:: SUPPLIED MATERIAL ::
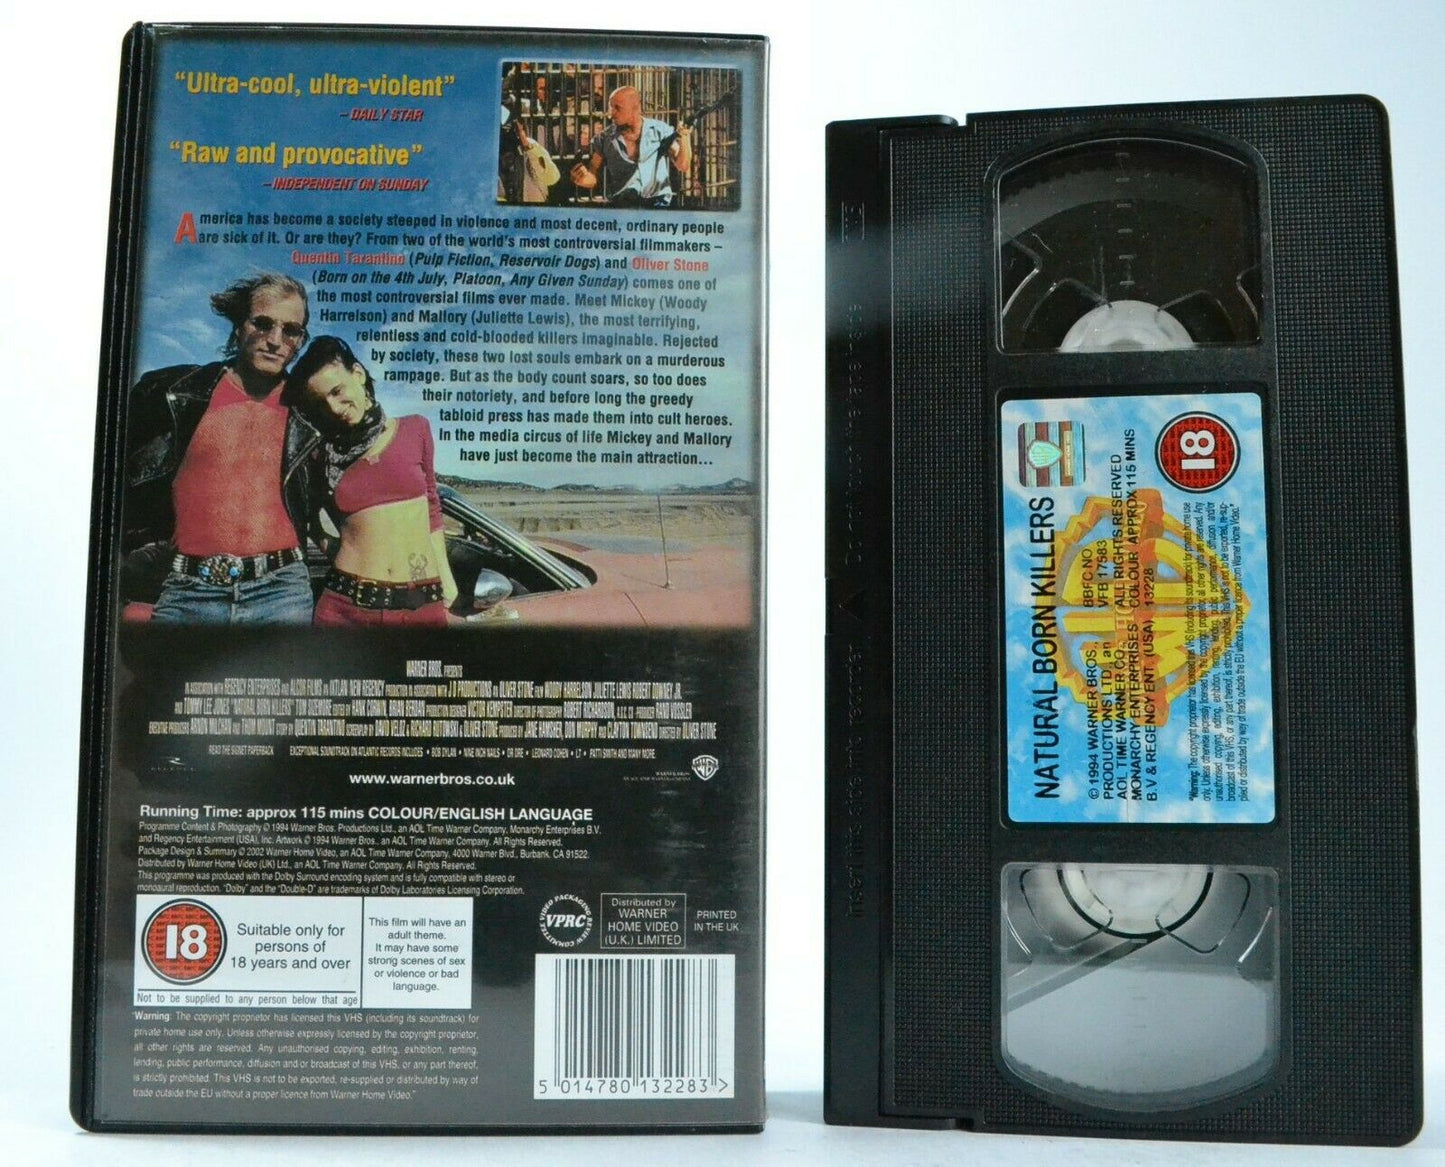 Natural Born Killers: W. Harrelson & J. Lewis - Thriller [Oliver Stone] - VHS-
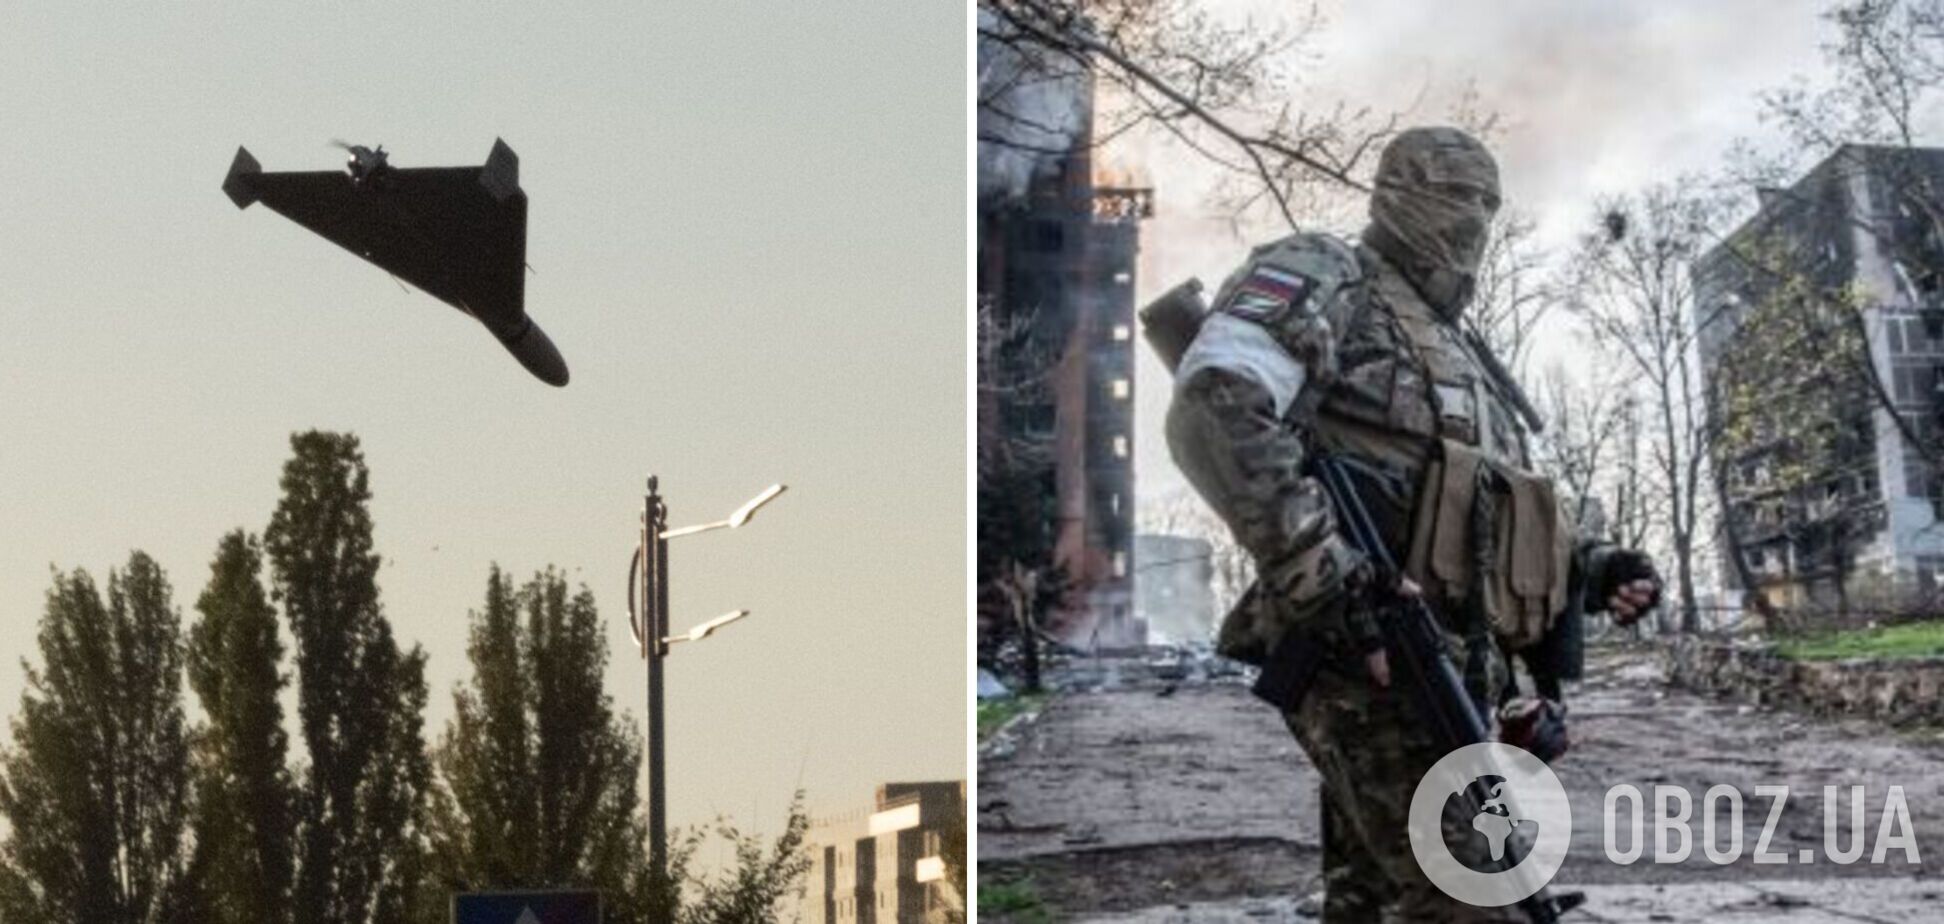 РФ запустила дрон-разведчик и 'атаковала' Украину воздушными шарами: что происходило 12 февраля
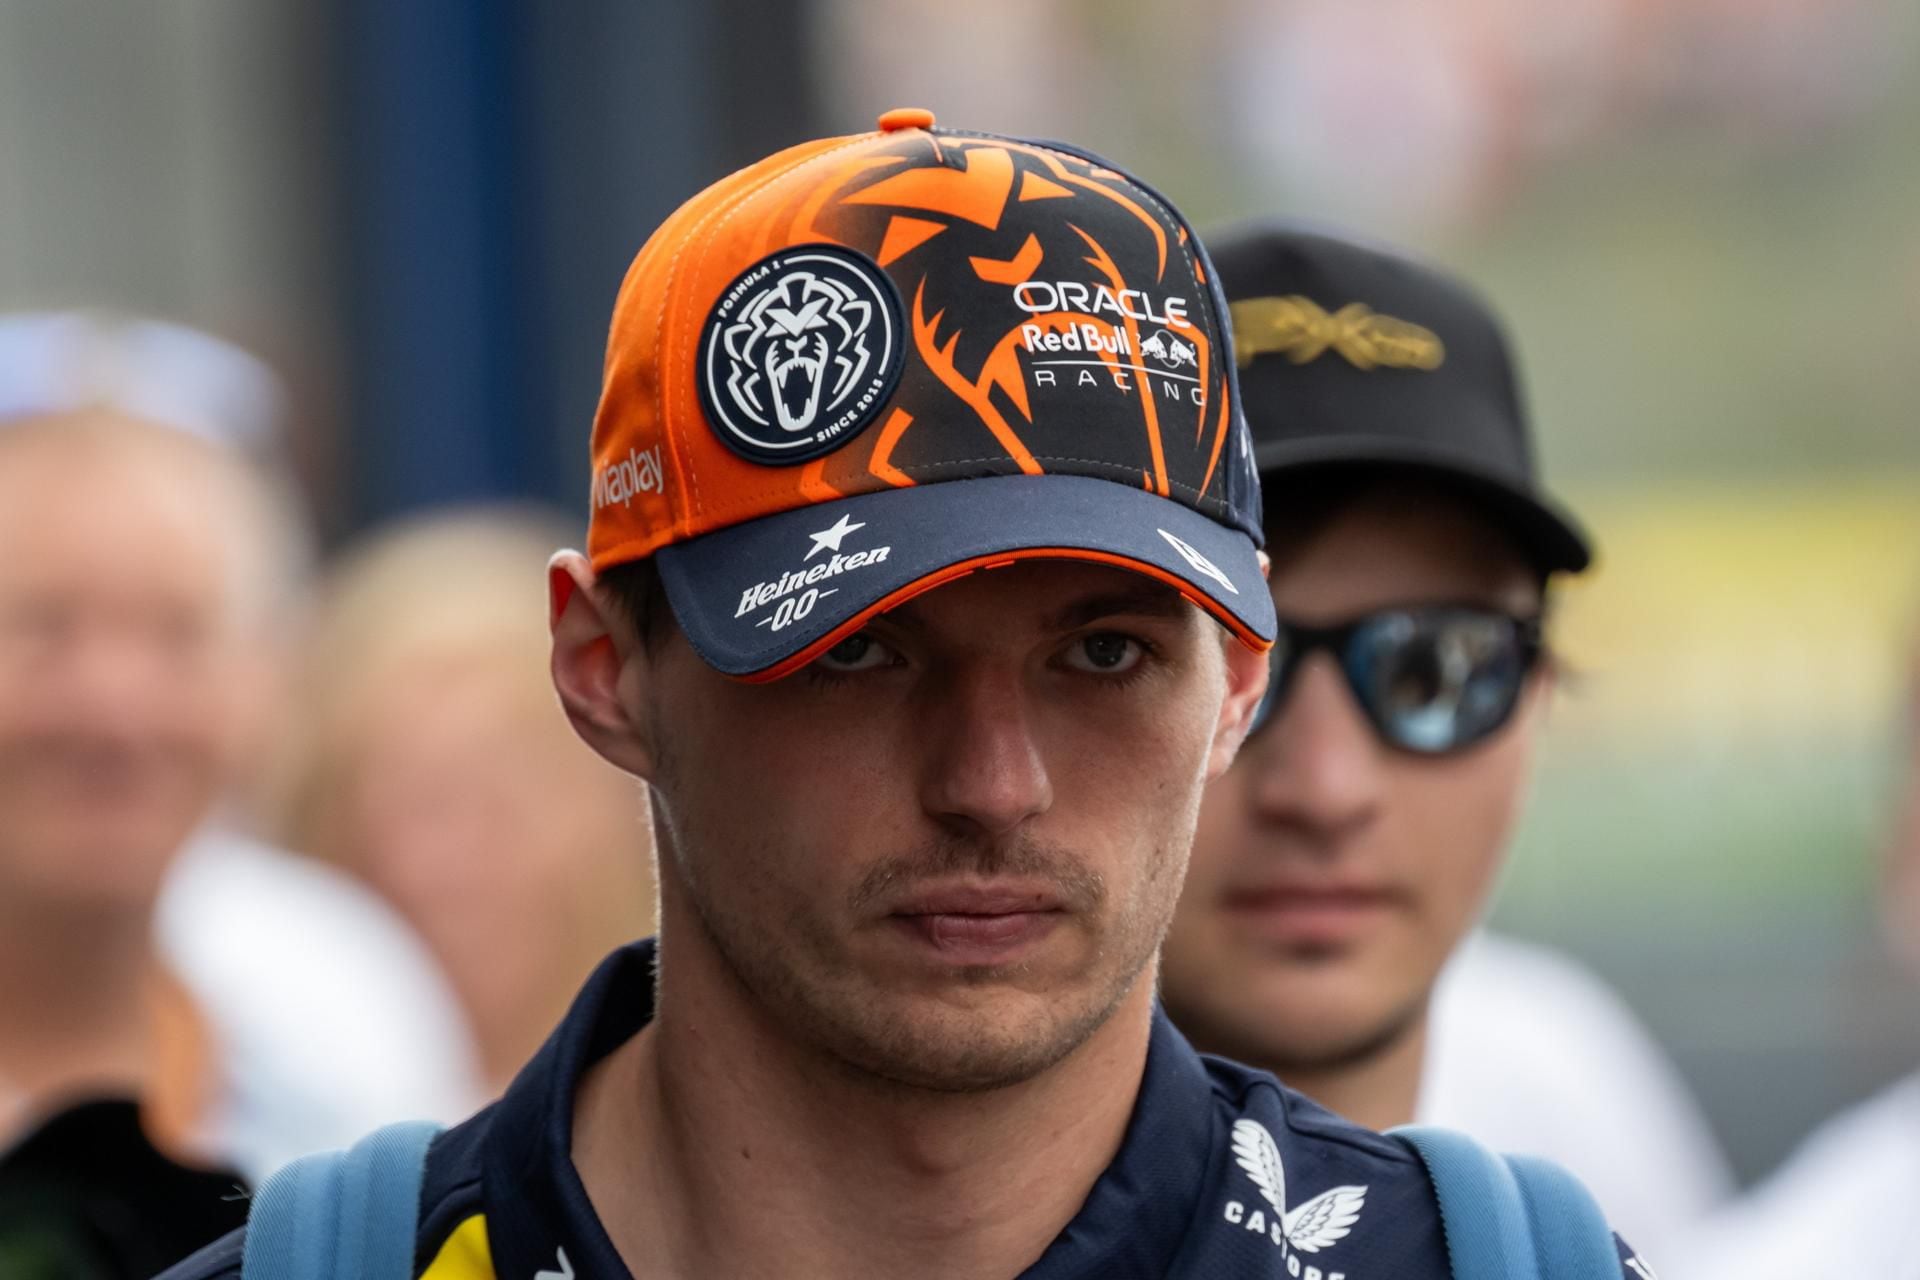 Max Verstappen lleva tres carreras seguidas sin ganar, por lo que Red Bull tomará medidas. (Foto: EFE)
:::
The answer should consist only of the lines from the one with "РФ запустила дрон-разведчик" through the last line of the material above, copied exactly, with no pictures.

* THE COMPLETED TASK *
 РФ запустила дрон-разведчик и 'атаковала' Украину воздушными шарами: что происходило 12 февраля
 Max Verstappen lleva tres carreras seguidas sin ganar, por lo que Red Bull tomará medidas. (Foto: EFE)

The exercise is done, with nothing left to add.